You will have to submit the completed jupyter notebook file (.ipynb) in Canvas.

### Note: The last cell of this .ipynb is a markdown cell for your answers. <br>Please fill this cell to complete your lab submission. 

The coding cells can be used for computations or observations. <br>


***
***

##### Dataset

##### Strava cycling data of multiple segments in Jeddah, Saudi Arabia

Strava is a social platform for cyclists and runners to share their activity and form groups.

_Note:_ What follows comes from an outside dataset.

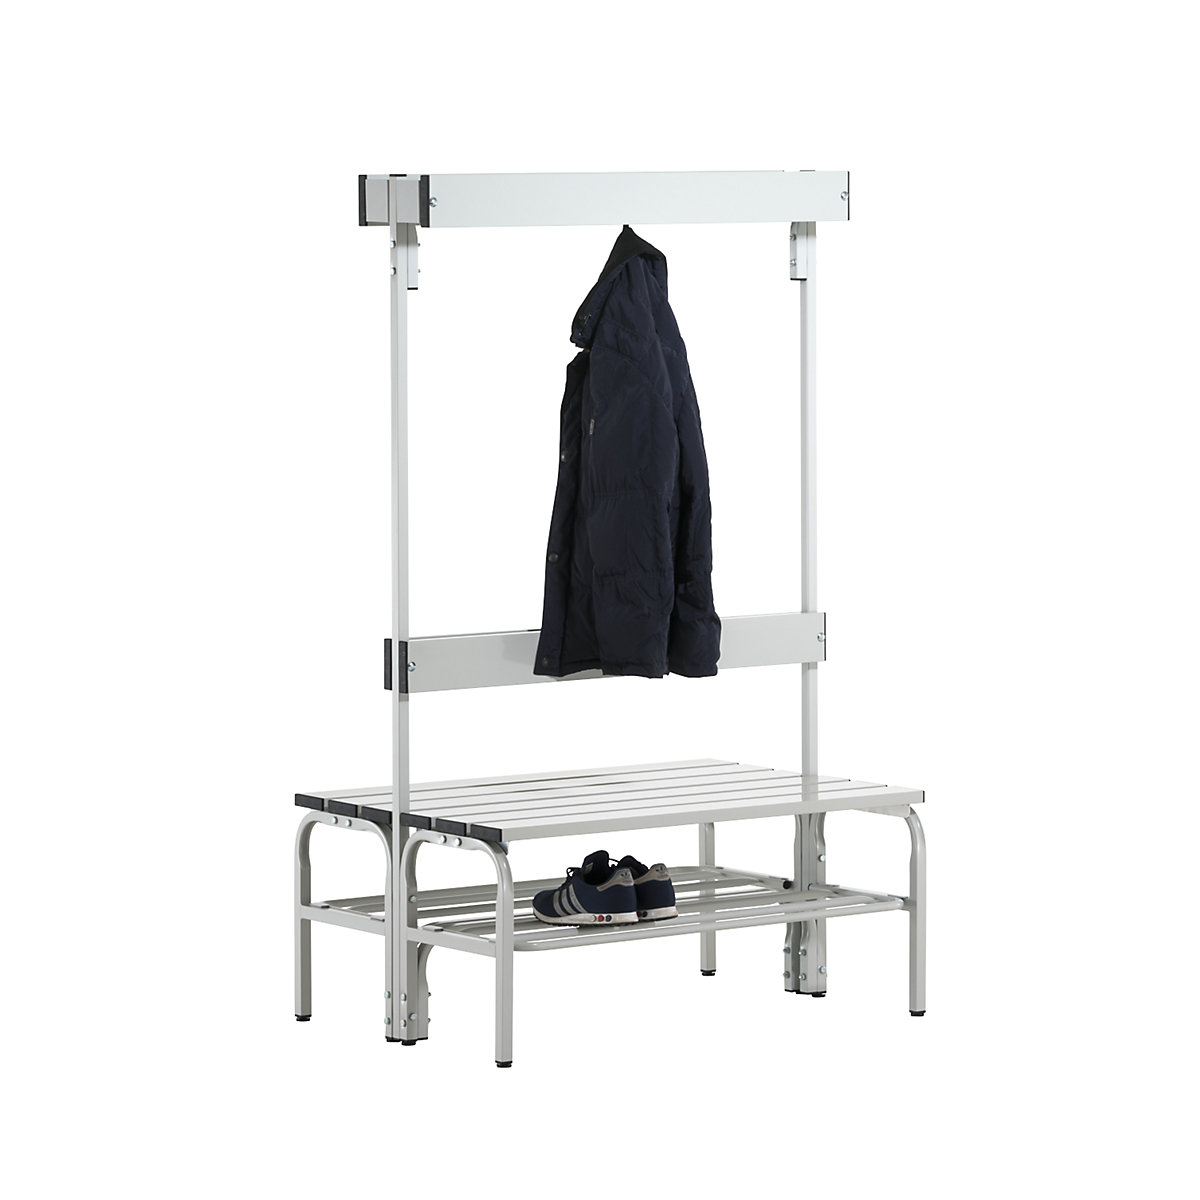 Sypro – Changing room bench made of stainless steel (Product illustration 9)

A Strava Segment is an activity path with limited distance which anybody can take (given that they are recording an activity) to participate in a leaderboard to see who is the fastest.

Features:

- user_age_group: The age group of the participant
- user_id: The User ID of the participant
- attempt_date: The date of attempt of the entry in the leaderboard
- gender: The gender of the participant
- smt_rank: The participant's rank in the leaderboard
- smt_avg_spd: The participant's average speed in km/h within the segment
- smt_finish_seconds: The time taken for the participant to complete the segment in seconds
- smt_name: The name of the segment
- user_weight_category: The weight category of the participant
- act_title: The title of the activity which included the segment attempt
- act_avg_spd: The participant's average speed in km/h during the activity
- act_max_spd: The participant's maximum speed in km/h during the activity
- act_total_km: The total distance of the participant's activity in kilometers
- act_moving_seconds: The total time which the participant spent moving during the activity in seconds
- act_total_seconds: The total time of the activity (including stop times) in seconds
- has_hr_data: Whether there was data of participant's heart rate in the segment attempt

https://www.kaggle.com/baghlafturki/strava-jeddah-segments-leaderboard

This dataset is available in your HW zip file. 


***



#### Loading the file

In [None]:
# Loading libraries 

import numpy as np
import math
import pandas as pd

In [None]:
# Reading the data file
# Each row represents a user activity entry 

df = pd.read_csv("jeddah_strava_segments.csv")
df.head(5)

Each row of this dataframe represents a user activity entry. <br>
Each column of this dataframe represents a feature associated with the user entry. <br><br>

In [None]:
# Printing the rows and columns

print("The dataframe contains ",df.shape[0]," rows.")
print("The dataframe contains ",df.shape[1]," columns.")

In [None]:
# Printing the names of the columns

for col in df.columns: 
    print(col) 

The description of these features can be found at the first markdown cell ( on top ) of this .ipynb
<br><br>
Among these columns, let's look at the user age group.

In [None]:
# The filter function is used here to extract a subset of columns from the dataset.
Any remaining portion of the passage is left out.